Painting by Dante Gabriel Rossetti

Found is an unfinished oil painting by Dante Gabriel Rossetti, now in the Delaware Art Museum. The painting is Rossetti's only treatment in oil of a contemporary moral subject, urban prostitution, and although the work remained incomplete at Rossetti's death in 1882, he always considered it one of his most important works, returning to it many times from the mid-1850s until the year before his death.

==History==

Unlike the majority of Rossetti's work of the 1850s, which were small-scale drawings and watercolours characterised by medieval and early Renaissance revivalism, Found was Rossetti's only attempt at a contemporary subject, prostitution, that was done in oils.

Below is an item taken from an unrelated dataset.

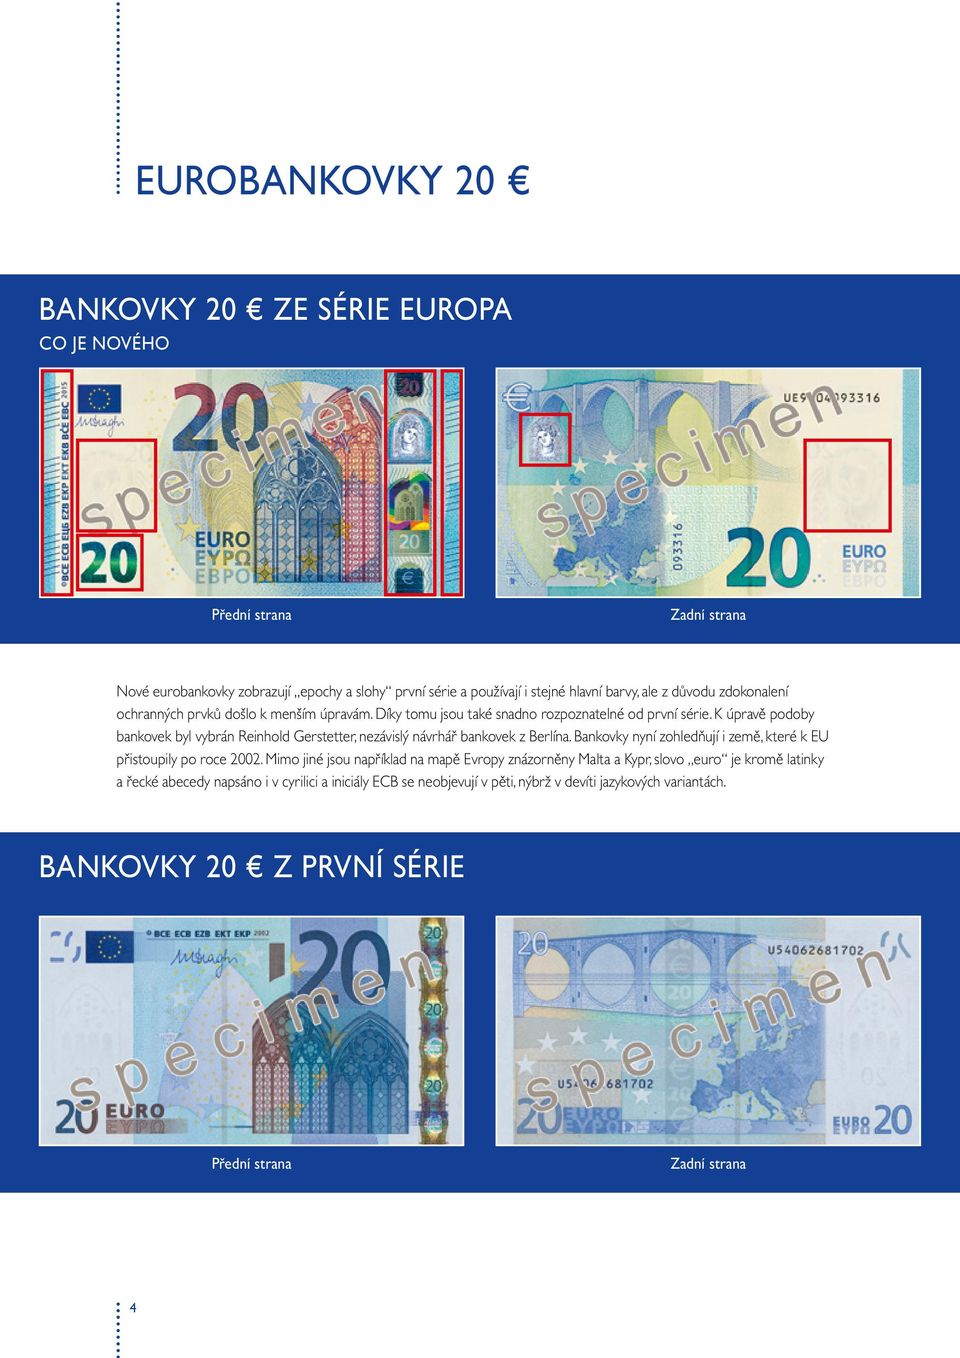 K úpravě podoby bankovek byl vybrán Reinhold Gerstetter, nezávislý návrhář bankovek z Berlína. Bankovky nyní zohledňují i země, které k EU přistoupily po roce 02.

Rossetti had addressed the topic of prostitution as early as 1847 in letters to his friend William Bell Scott, who wrote the poem Rosabell in 1846 (later known as Maryanne) on the topic. The Gate of Memory, a drawing Rossetti made c. 1854, shows a scene from Rosabell where a prostitute is beginning her evening of work, and views a group of innocent girls "still at play" dancing. The drawing may have been intended to illustrate the poem in a book, but was painted as a larger watercolour in 1857, which was repainted in 1864. In 1870 Rossetti published a sympathetic poem about a prostitute, Jenny.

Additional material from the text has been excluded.